Masyarakat sipil dan gabungan lembaga seperti Walhi, Greenpeace Indonesia, JPIC Kalimantan, Pantau Gambut, dan lembaga terkait lainya berkoalisi untuk menyatakan sikap tolak proyek food estate. Lembaga-lembaga ini menjadi software atau komponen bergerak yang dapat memberi input untuk keberlangsungan dan keberlanjutan lumbung pangan. Di sisi lain, pelibatan petani lokal dapat mengembalikan kepercayaan masyarakat terhadap program pemerintah. Masyarakat ini harus dilibatkan sebagai bagian dari ‘Orgware’ untuk rekayasa sosial atau gerakan dalam mempengaruhi perubahan sosial.

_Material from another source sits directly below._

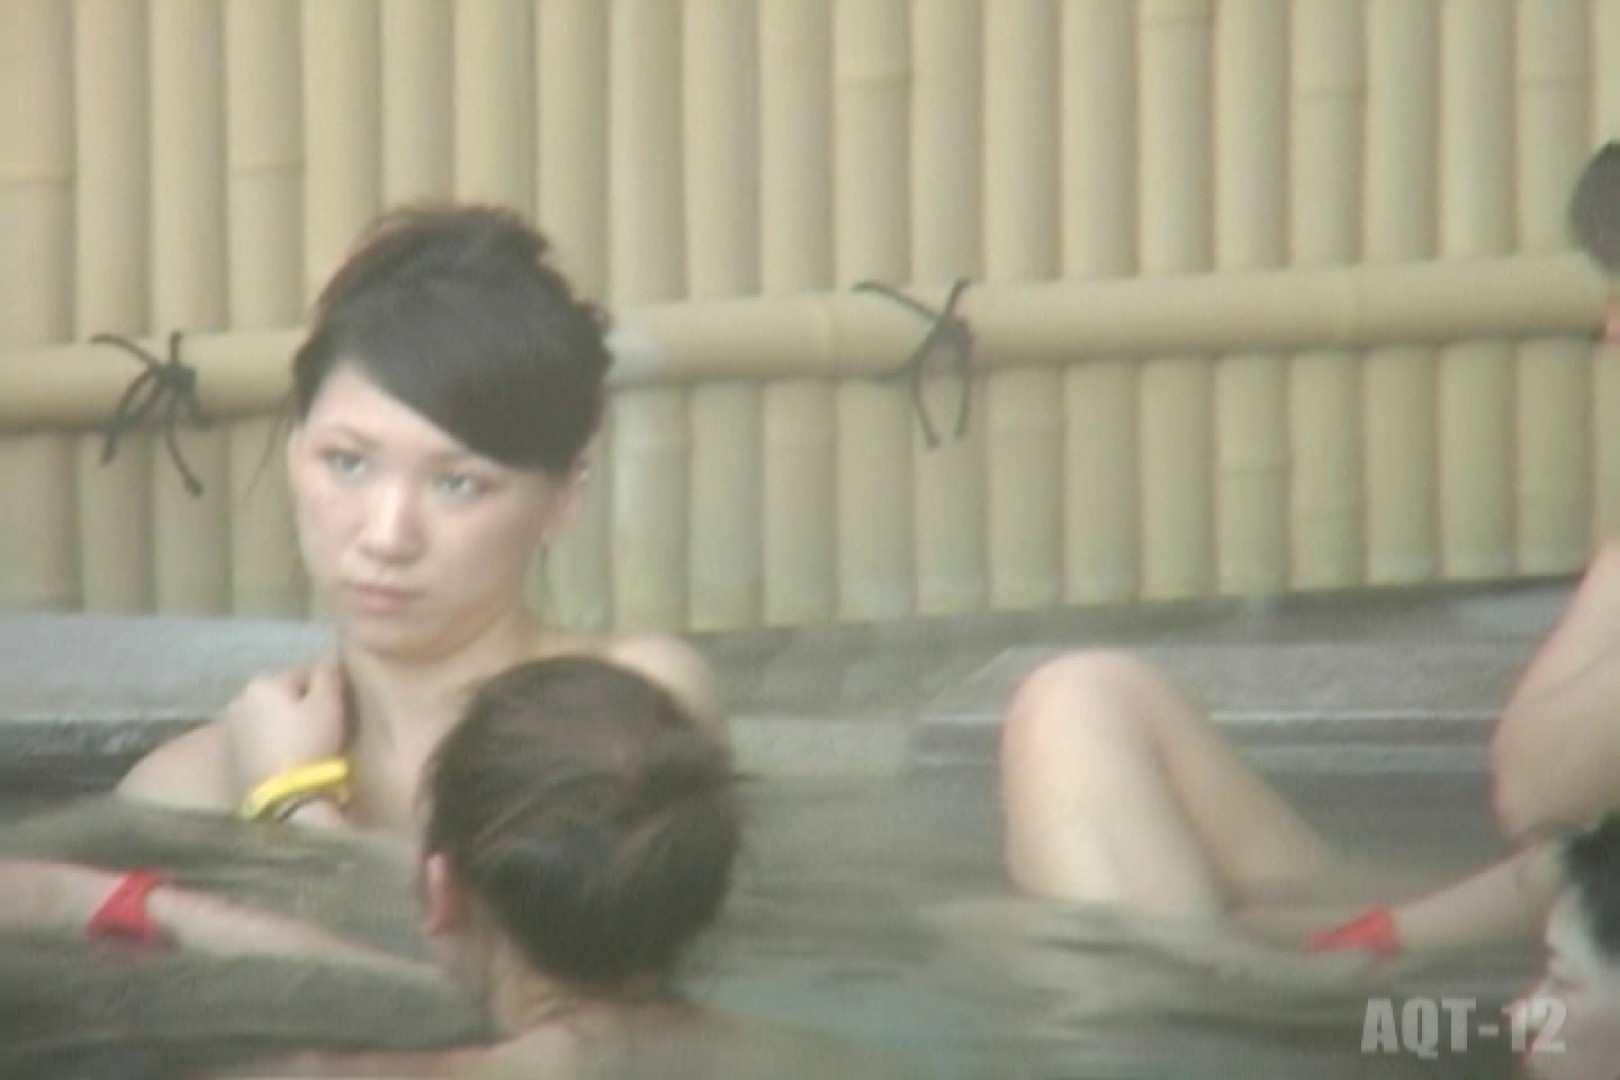 Aquaな露天風呂Vol.805 OL女体  53連発 39
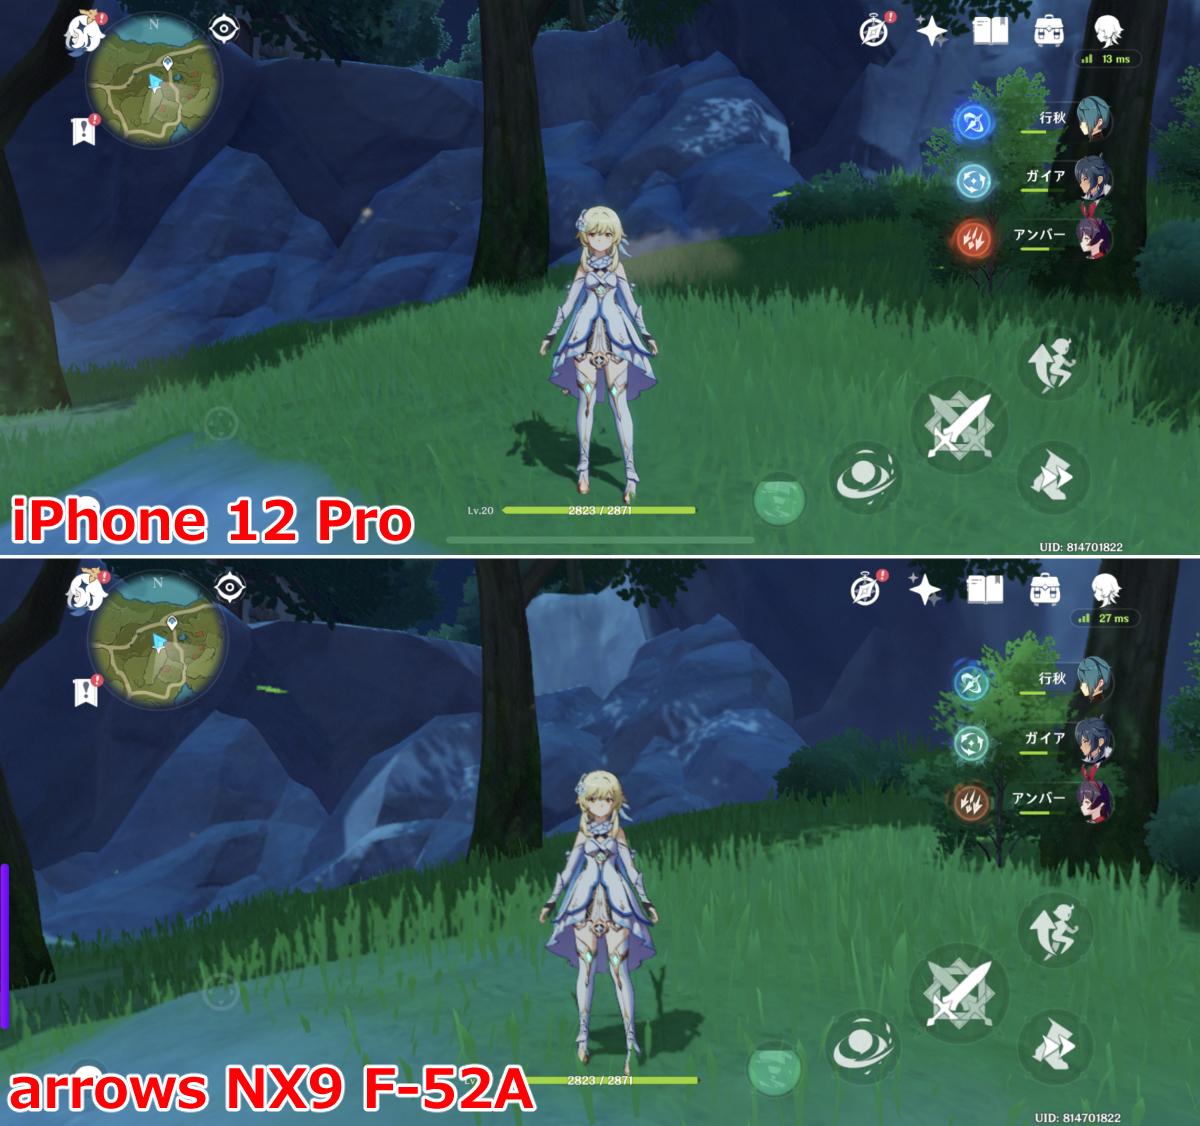 arrows NX9 F-52AとiPhone 12 Proのゲーム画像

Begitupun penurunan panen harus dievaluasi oleh pihak-pihak terkait dan dicarikan solusinya untuk diterapkan pada periode tanam berikutnya, dengan menimbang faktor-faktor lokal ini. Mungkin dengan meningkatkan produksi per hektarnya, ketimbang memaksakan panen setahun tiga kali. Bagaimanapun, prinsip food estate untuk reformasi pangan adalah sebuah inisiasi baik yang harus terus kita kawal agar tidak terulang kegagalan seperti pendahulunya. Selama pemerintah bisa merespon bibit-bibit kegagalan yang ada di depan mata, belumlah terlambat untuk menjadikan food estate sebagai harapan reformasi pangan.